Apple researchers reveal MM1 series of multimodal language models
Apple has introduced a family of multimodal language models (MLMs) that it calls MM1, with up to 30 billion parameters. Multimodal AI models can process a combination of text, images and videos as input, and provide a similar combination as output.
Traditionally, large language models have been trained on vast corpora of text. MLMs benefit from having a wide variety of training sources, and the capability of processing information from a variety of sources.
The significant aspect about the paper is that Apple researchers have detailed the architectural choices as well as the training regimen used to develop the MM1 family of models. The research has the potential for improving the performance of all MLMs. The insights from the research is that the resolution of the images used to train the model has a significant impact on the performance. Caption data improves the performance, with synthetic captions providing a boost as well. The ratios of the modalities used has an impact as well. A diversity of pre-training data was important for improving the performance as well.
Capabilities of MM1
MM1 has the capabilities for following custom formatting, count objects in an image, perform optical character recognition on particular portions of an image, respond to common-sense and world knowledge queries, and perform basic mathematical functions. There were three different types of pre-training data used, images accompanied by captions, images interleaved with text, and text-only documents. The researchers also found that pre-training the visual encoder can improve the performance.
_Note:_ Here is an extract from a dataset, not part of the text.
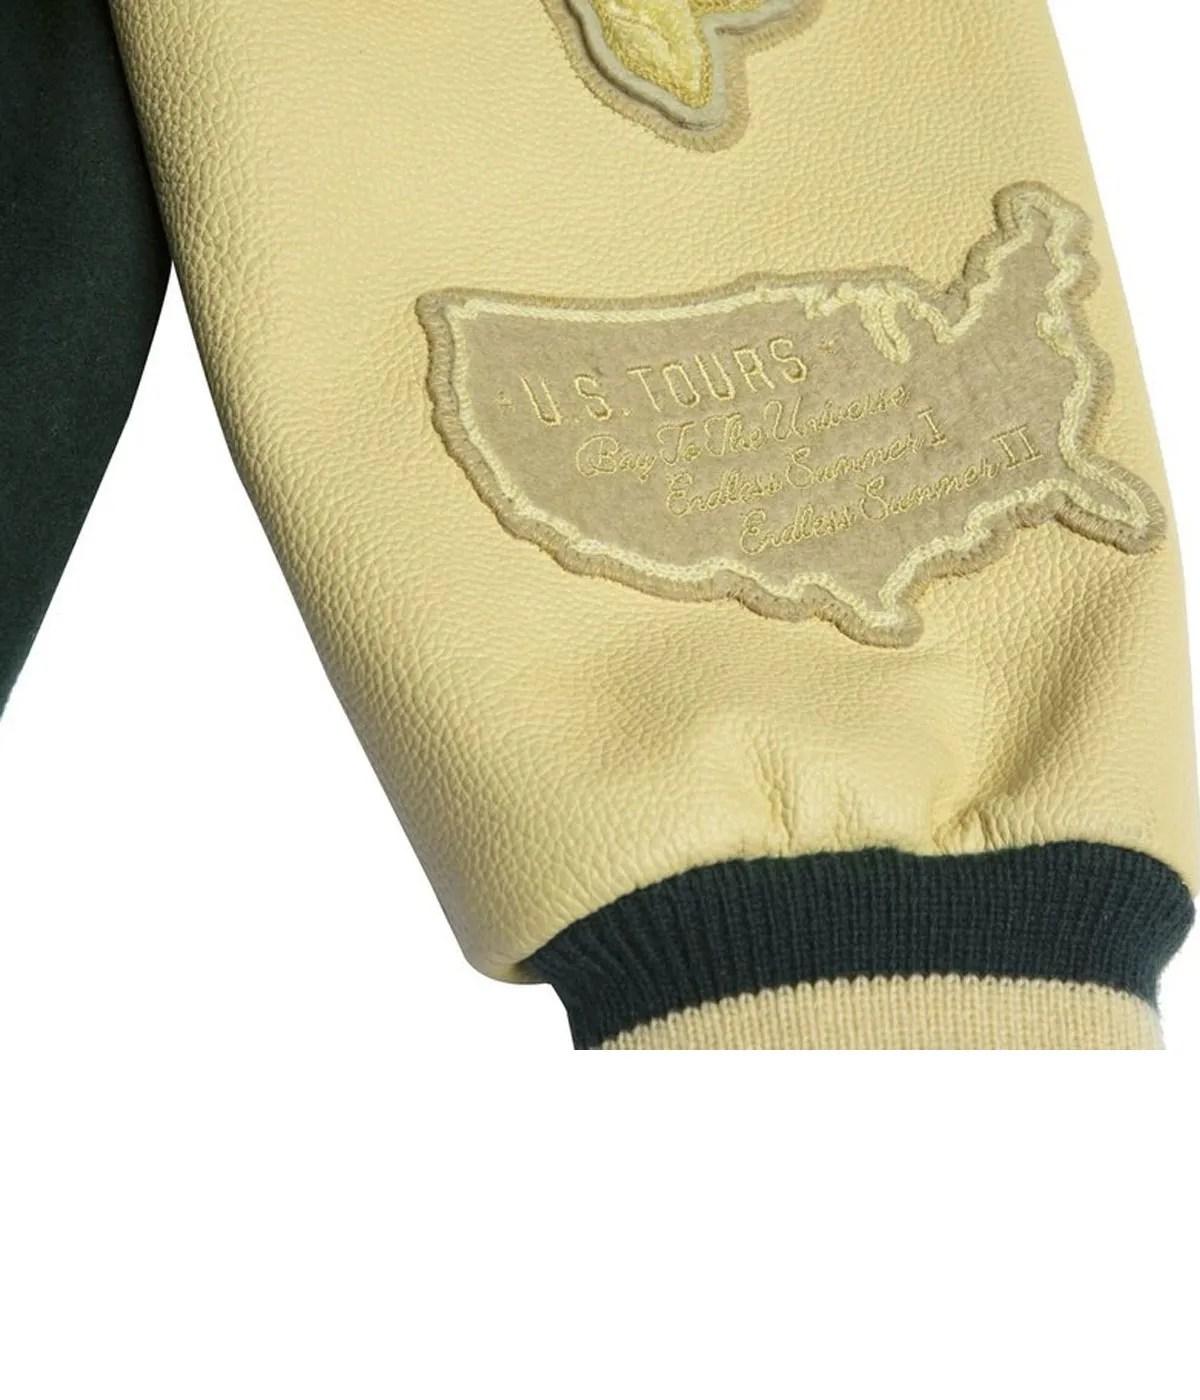 the-accolade-jacket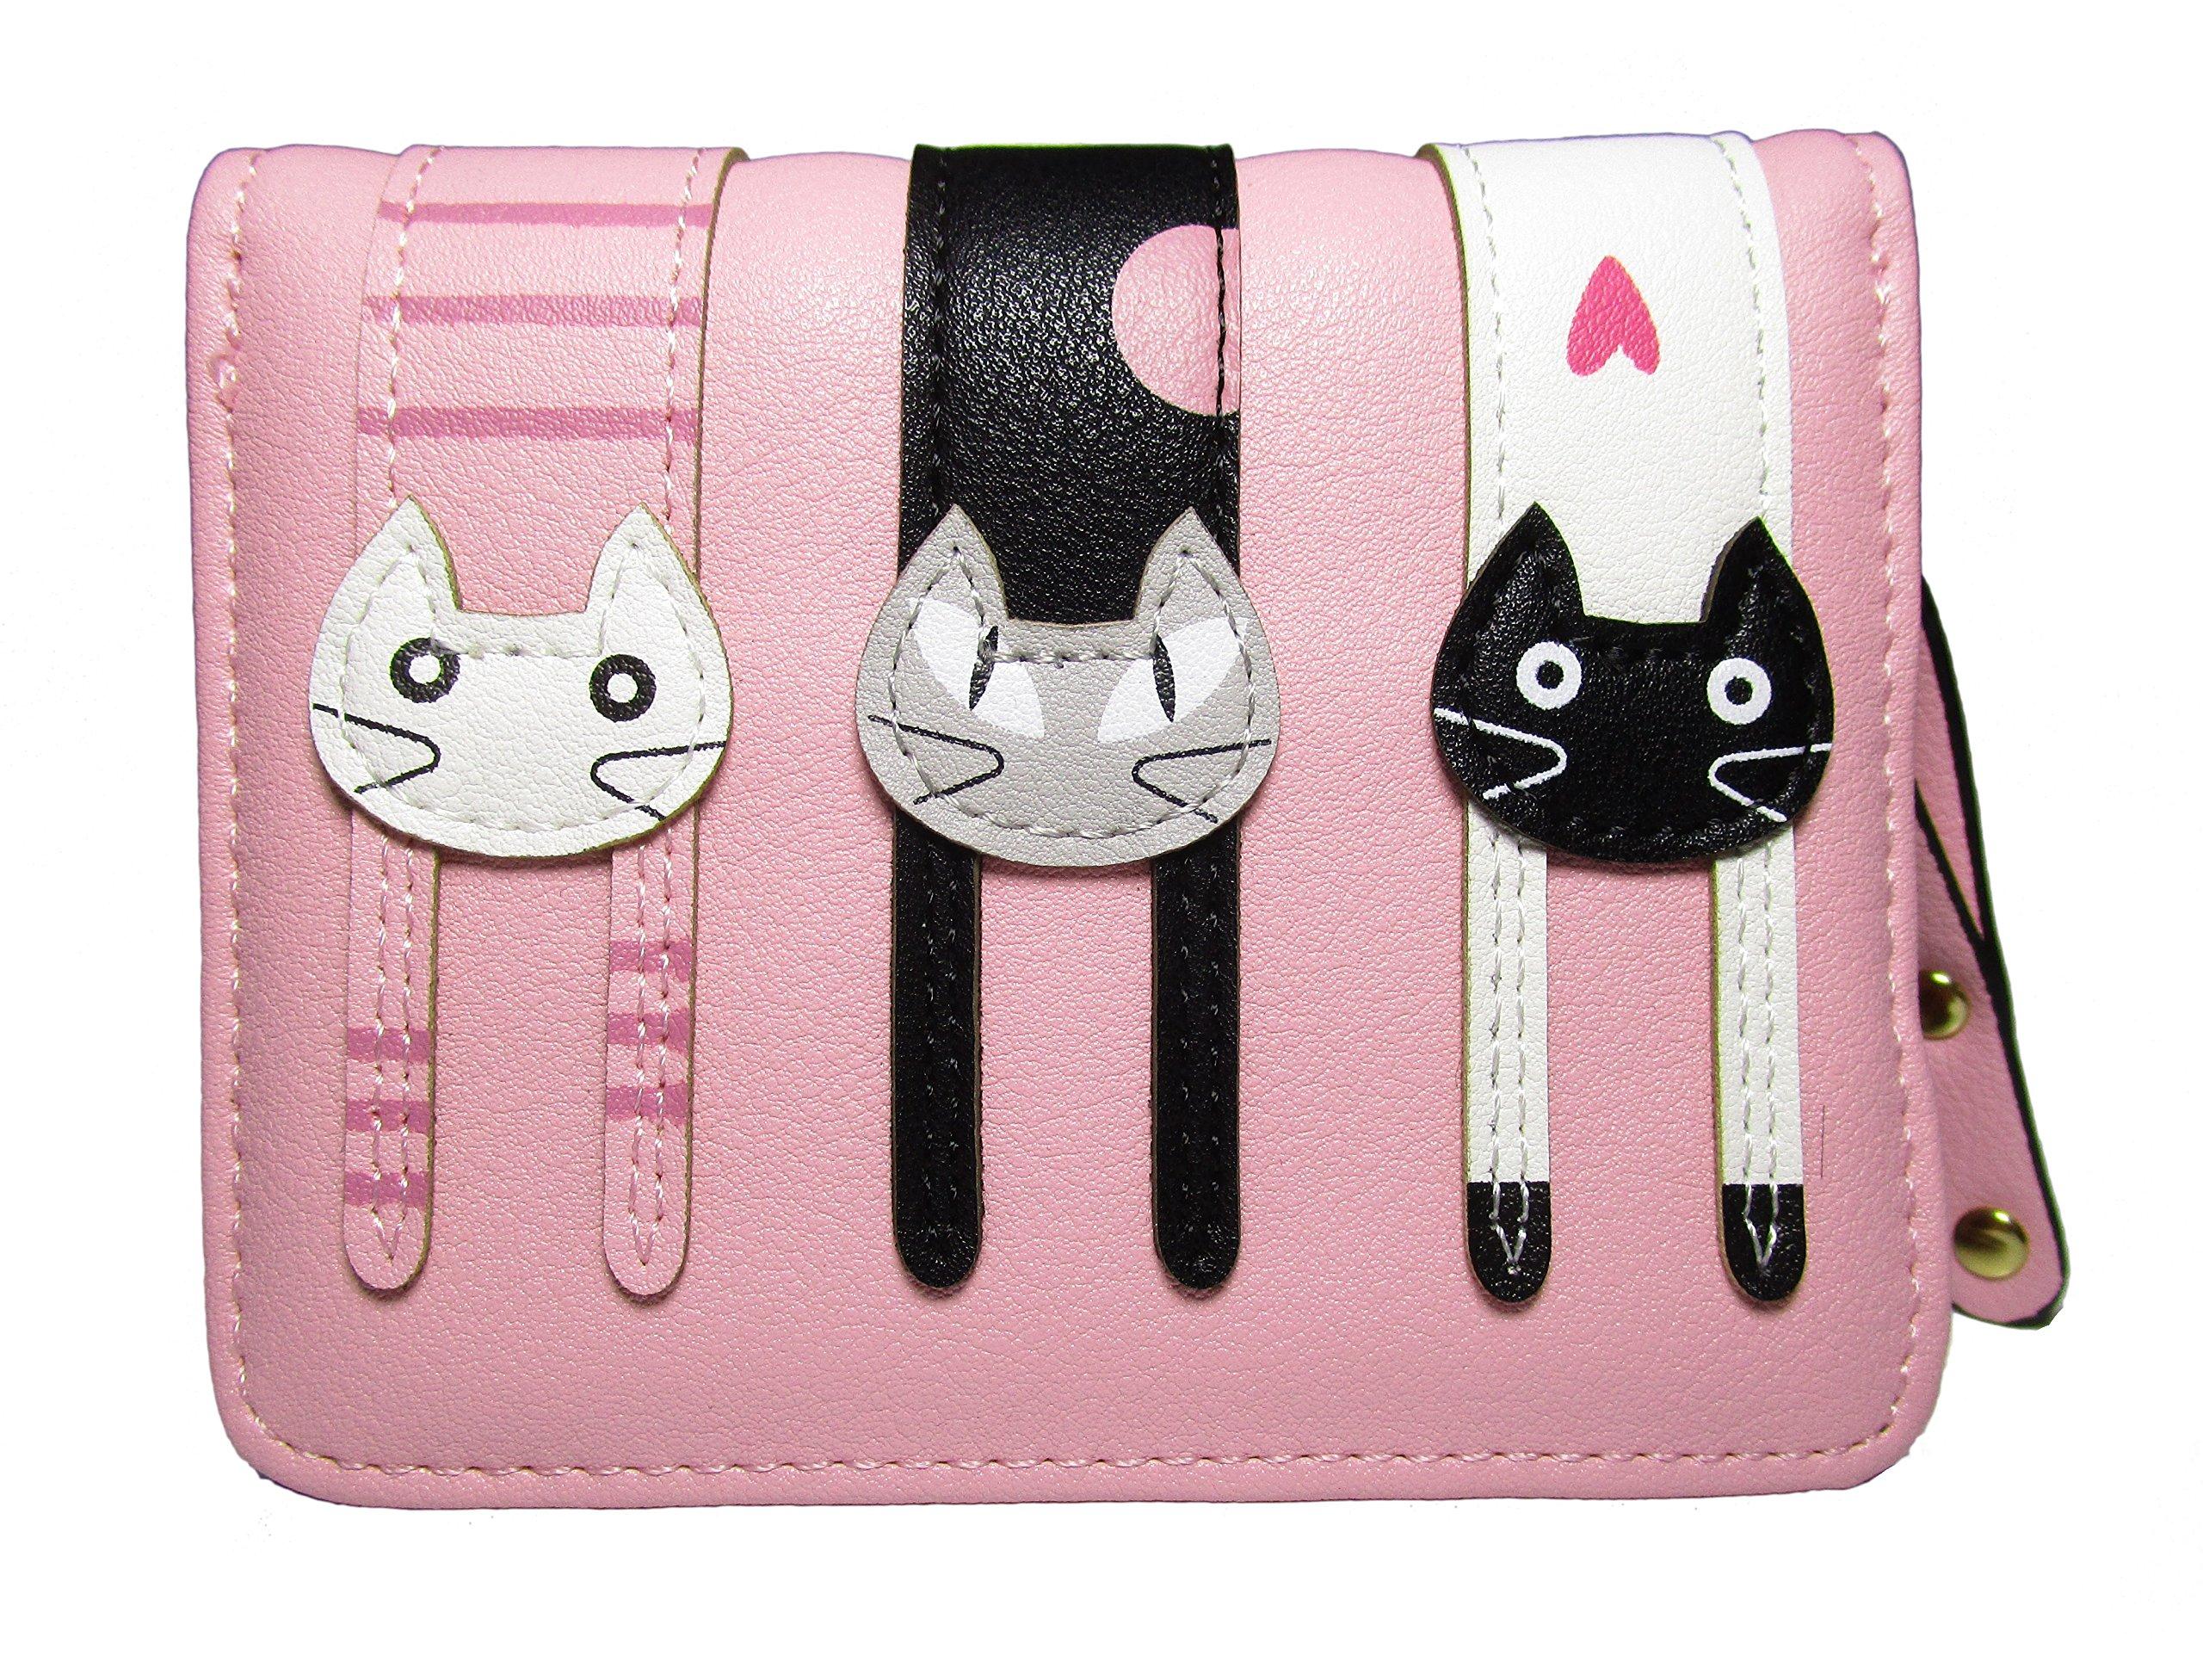 Nawoshow Women Cute Cat Wallet Coin Purse Bifold Wallet Clutch Bag(Pink)

How MM1 fares against competition
Apple has evaluated the performance of its MM1 family of models on benchmarks, which are industry standard tests. The researchers claim that the MM1 models with three, seven and 30 billion parameters outperform EMU2, Flamingo and IDEFICS when it comes to captioning images and answering visual questions. The models have demonstrated competetive performance across 12 established multimodal benchmarks. The researchers have called for better benchmarks for MLMs.
The research paper has been put up on arxiv, and anticipates MLMs as becoming the next generation of foundational AI models after large language models (LLMs).
Apple is catching up to competition when it comes to AI
Apple is lagging behind competitors when it comes to integrating generative AI into its products and services. Microsoft has integrated OpenAI tech into several of its services, including Bing search, CoPilot and Microsoft Office. Google is also expected to deeply integrate AI into its services and hardware products going forward, including the Android ecosystem. Apple CEO Tim Cook hinted at deeper AI integrations during a call with investors earlier in the year, with deep AI integrations expected for iOS 18. Apple has been acquiring AI startups along with their talent for years now, with the latest acquisition being that of Canada based DarwinAI.